MARQUETTE: The issue herein is as to the proper method of computing the income of the partnership of Howell & Graves, of which the petitioners*2164 were members. The respondent has computed the income of the partnership upon the accrual basis and has included in income for 1922 and 1923 the face value of the written instruments executed by the partnership and prospective purchasers of lots in those years. The petitioners contend that the written instruments in question were mere options, or, if not options, installment contracts which did not bind the purchaser to make any payments; that, therefore, there was no income to accrue; that the income from the transactions in which not more than 25 per cent of the purchase price was received by the partnership within the taxable year in which the transactions were entered into should be computed on the installment basis; and that the other transactions should be considered as deferred payment sales not on the installment plan in which the deferred payments have no readily realizable market value.

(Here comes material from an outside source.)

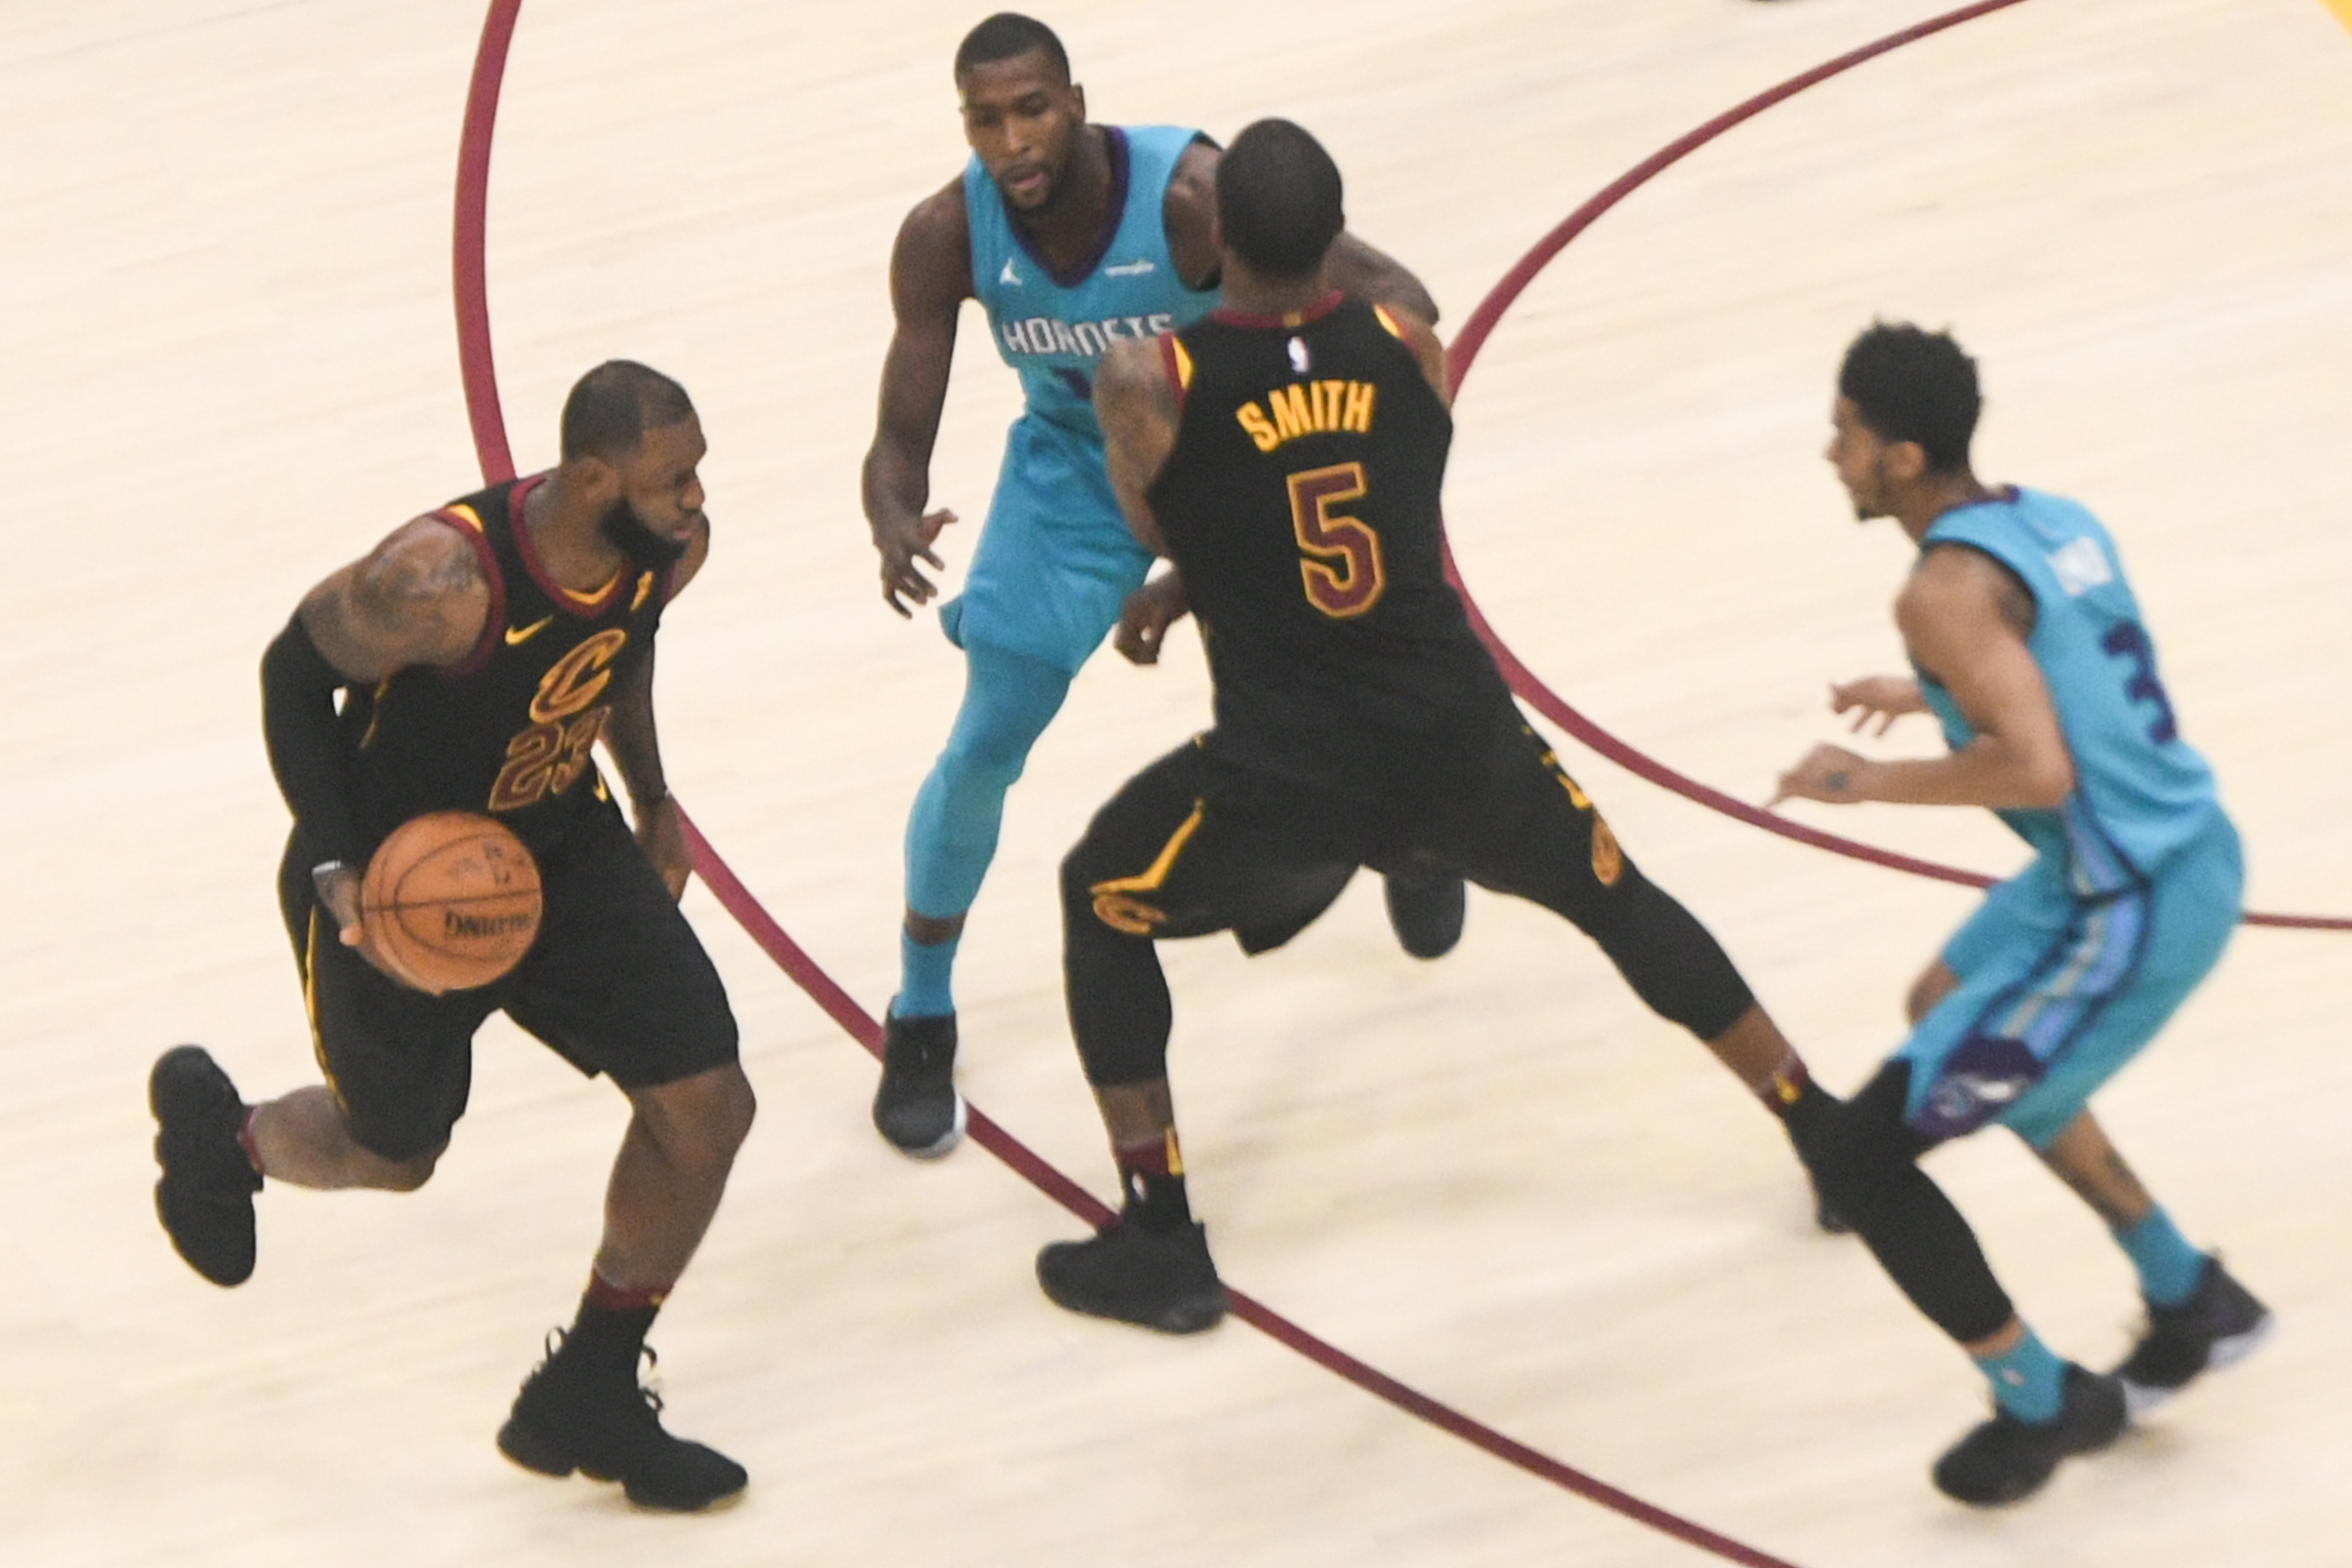 Uma fotografia mostra LeBron James driblando uma bola de basquete durante um jogo de basquete

We do not deem it necessary to indulge in an extended discussion as to the nature of the written instruments involved herein. It is sufficient to say that by their terms the partnership was obligated to convey to the prospective purchaser certain lots, if and when the purchaser paid to*2165 the partnership certain specified amounts. The prospective purchaser was under no obligation to make any payment subsequent to the initial payment. He could not be compelled to continue the payment and an action could not be maintained against him for the unpaid amount. He was subject only to forfeiture of payments already made. Until payment was made in full, the partnership retained both title and possession of the lots.

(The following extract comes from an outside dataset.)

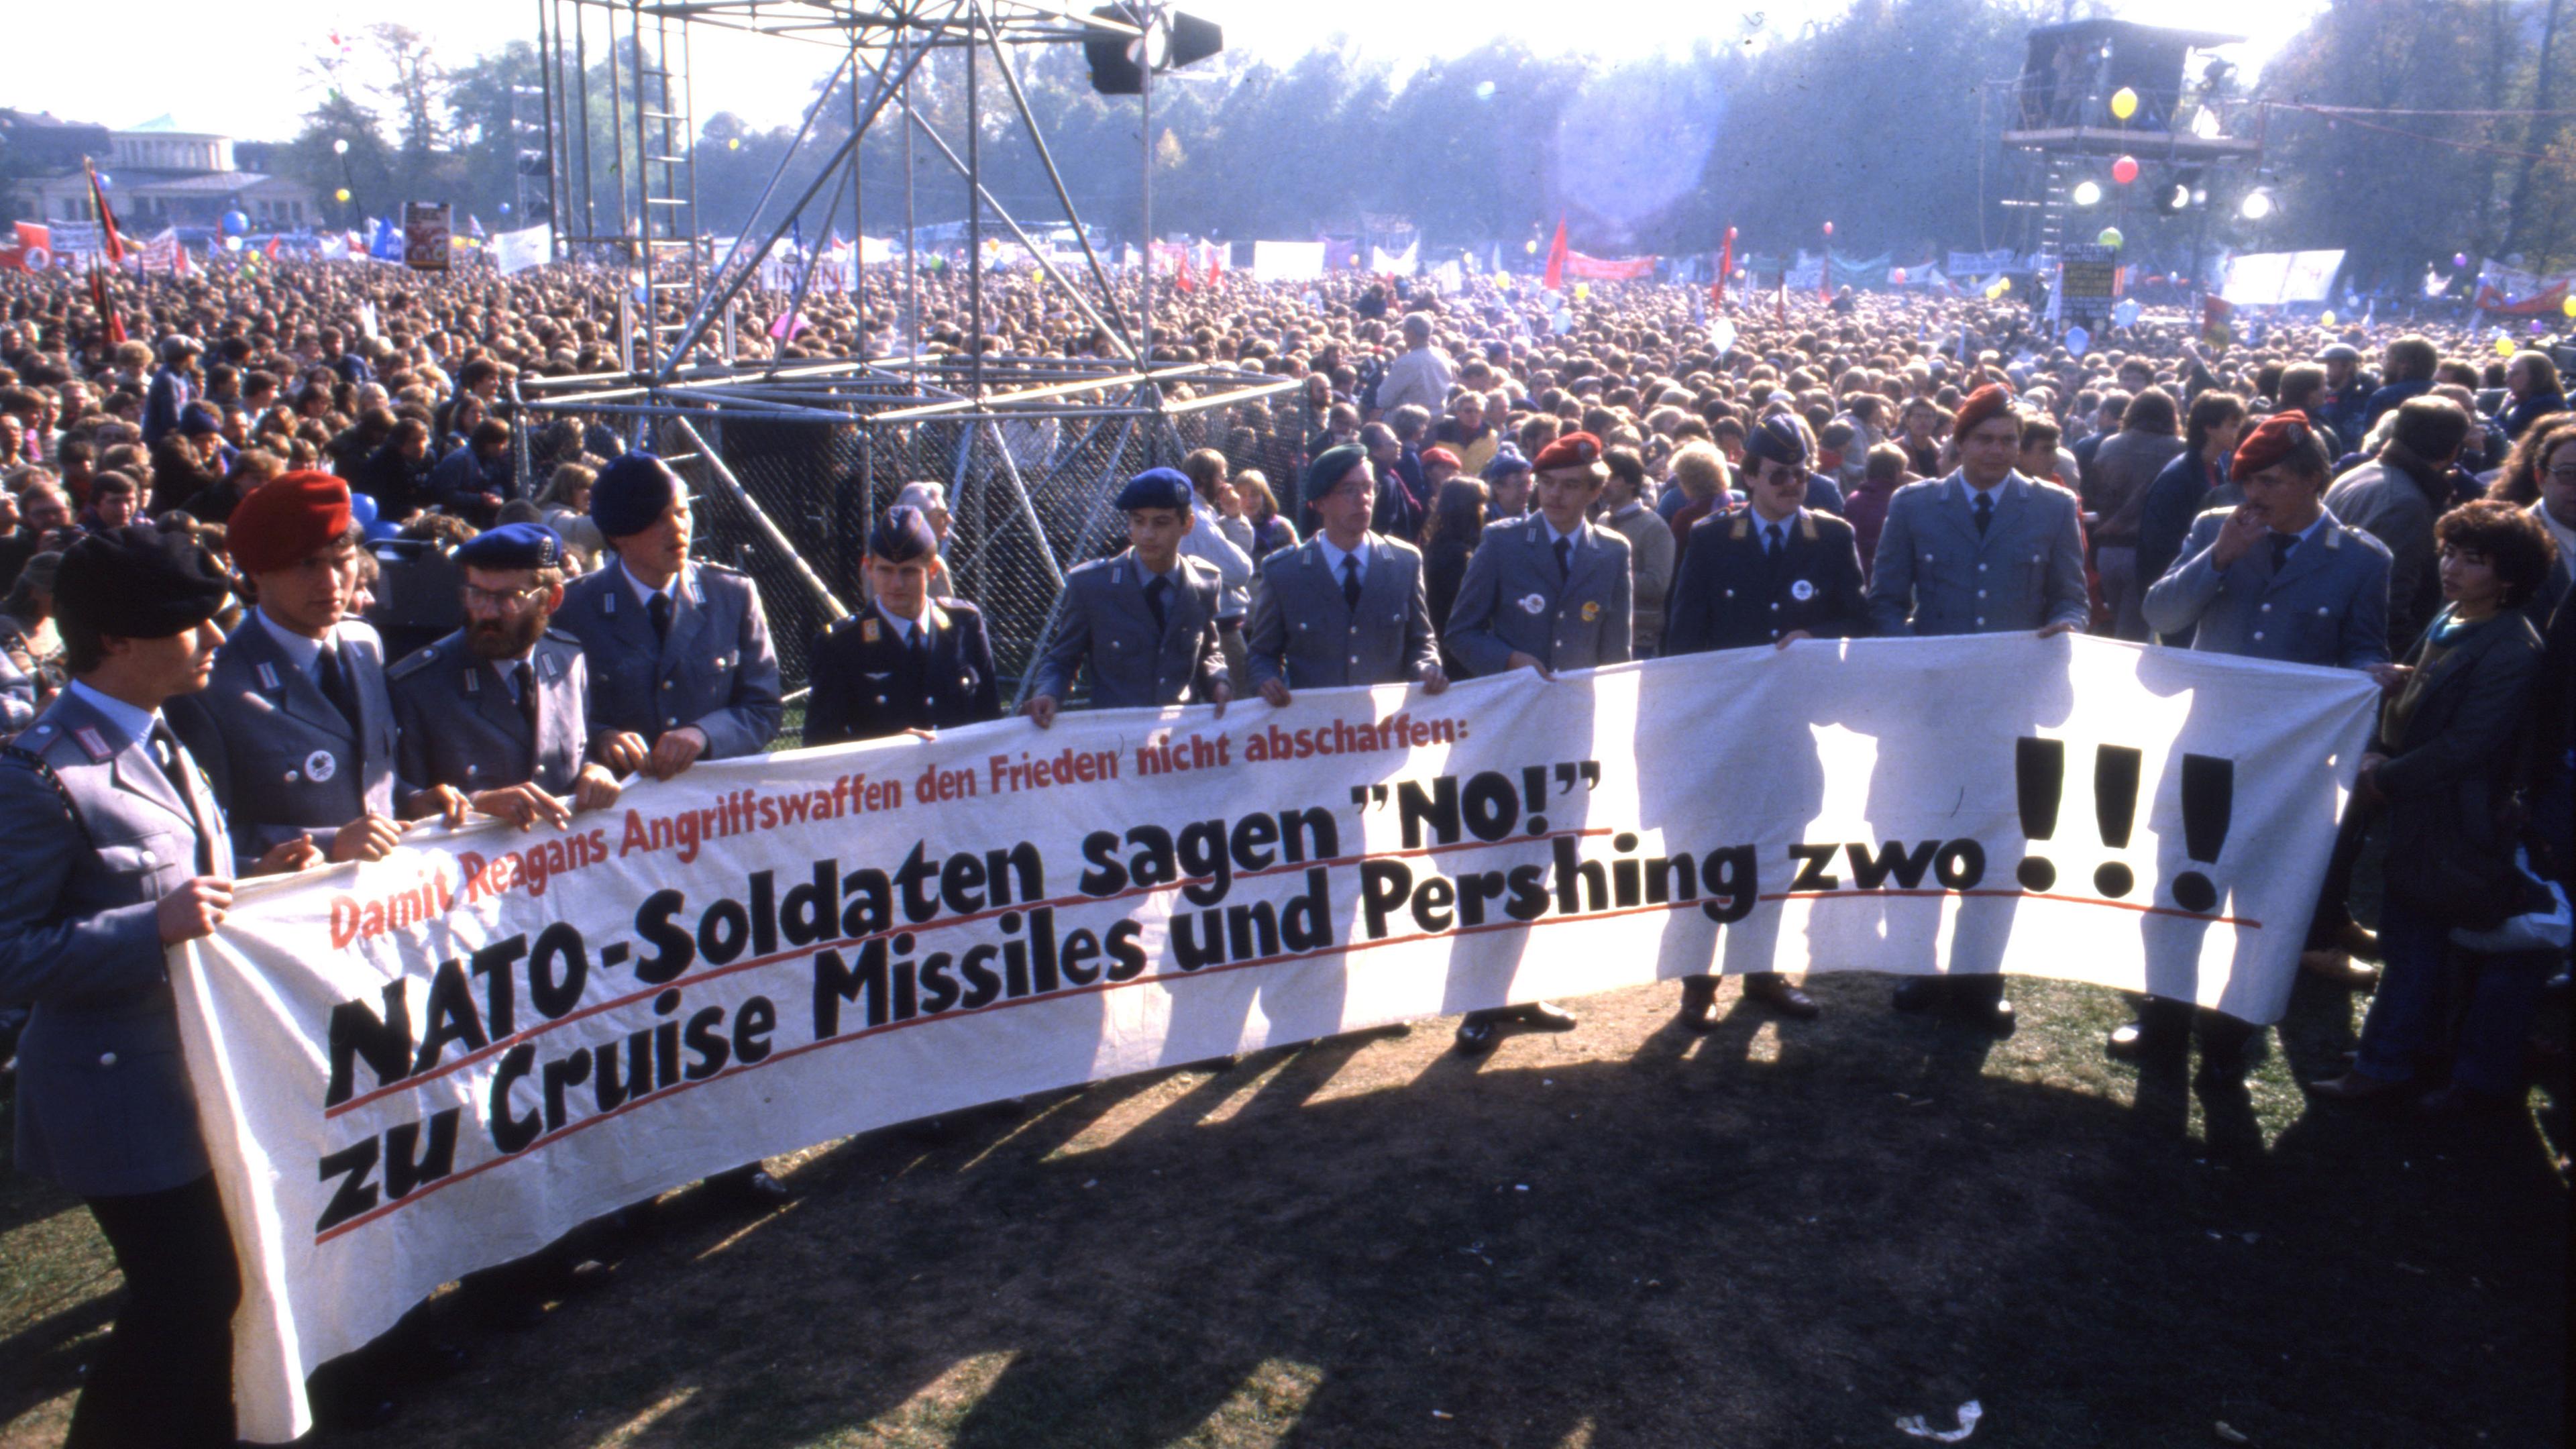 NATO-Soldaten am 22.10.1983 in Bonn bei einer Großkundgebung mit über 400.000 Teilnehmern gegen atomare Aufrüstung und die Stationierung von Cruise Missiles und Pershing 2 Raketen

In view of these facts, it seems clear that the respondent erred in computing the partnership income on the accrual basis. As we understand the meaning of accrual, an item of income or expense *1324 accrues when it becomes an obligation receivable or payable, as the case may be. In this case there was no obligation on the part of the prospective purchaser to make the subsequent payments and there was, in our opinion, nothing to accrue.

Since the partnership should not be required to compute its income on the accrual basis, we must determine upon what basis its income should be reported. Under the peculiar facts of the case it is indeed difficult to determine what method will fairly reflect the true income of the partnership, and any method that*2166 may be adopted may not be entirely satisfactory. We are of the opinion, however, that in the case of those transactions in which not to exceed 25 per cent of the purchase price was received by the partnership within the taxable year, the income therefrom should be computed on the installment basis, which practice is now authorized and validated as to the years 1922 and 1923 by section 212(d) and section 1208 of the Revenue Act of 1926.

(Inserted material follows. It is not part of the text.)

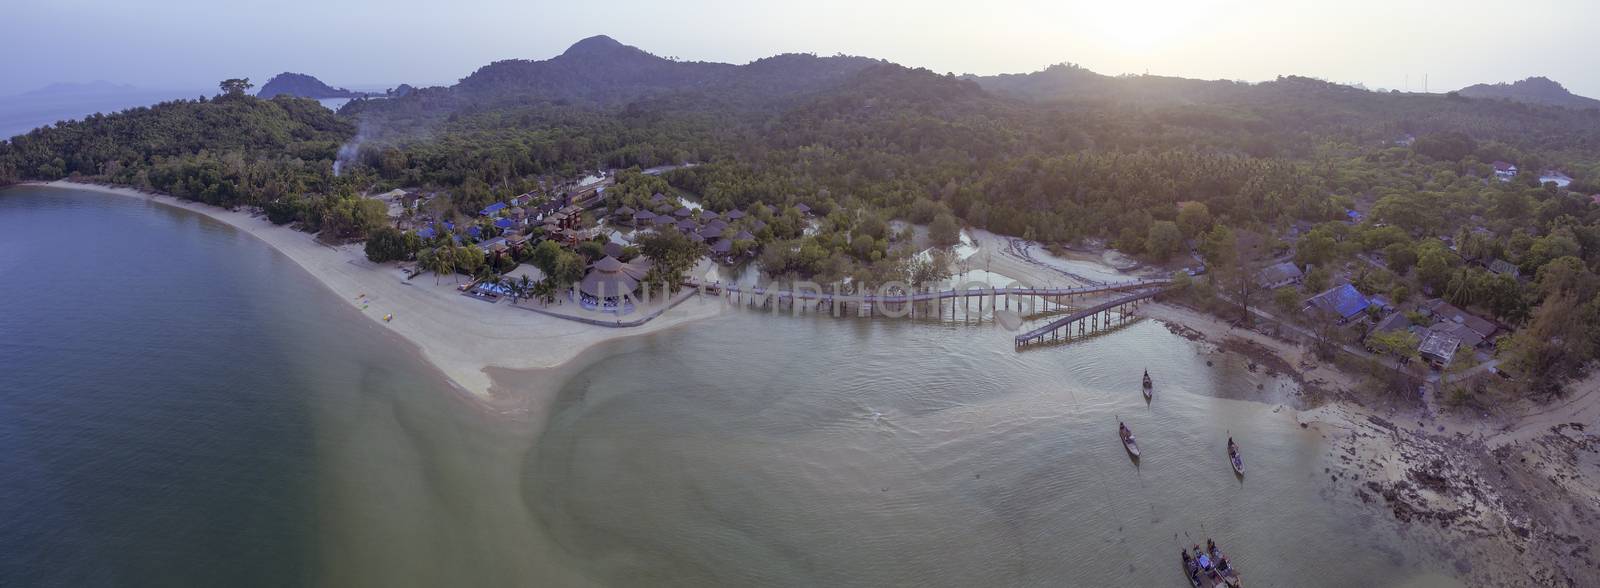 aerial view of koh payam island ranong southern of thailand by khunaspix

In the transactions in which more than 25 per cent of the purchase price was received by the partnership in the fiscal year, the deferred payments clearly had no fair market value and were not the equivalent of cash to any extent. We are therefore of the opinion that these transactions should be treated as deferred payment sales, not on the installment plan, in which the deferred payments had no readily realizable market value.

All payments forfeited to the partnership should be included in income of the year in which the forfeiture occurred to the extent that they had not theretofore been reported as income.

Reviewed by the Board.

Judgment will be entered under Rule 50.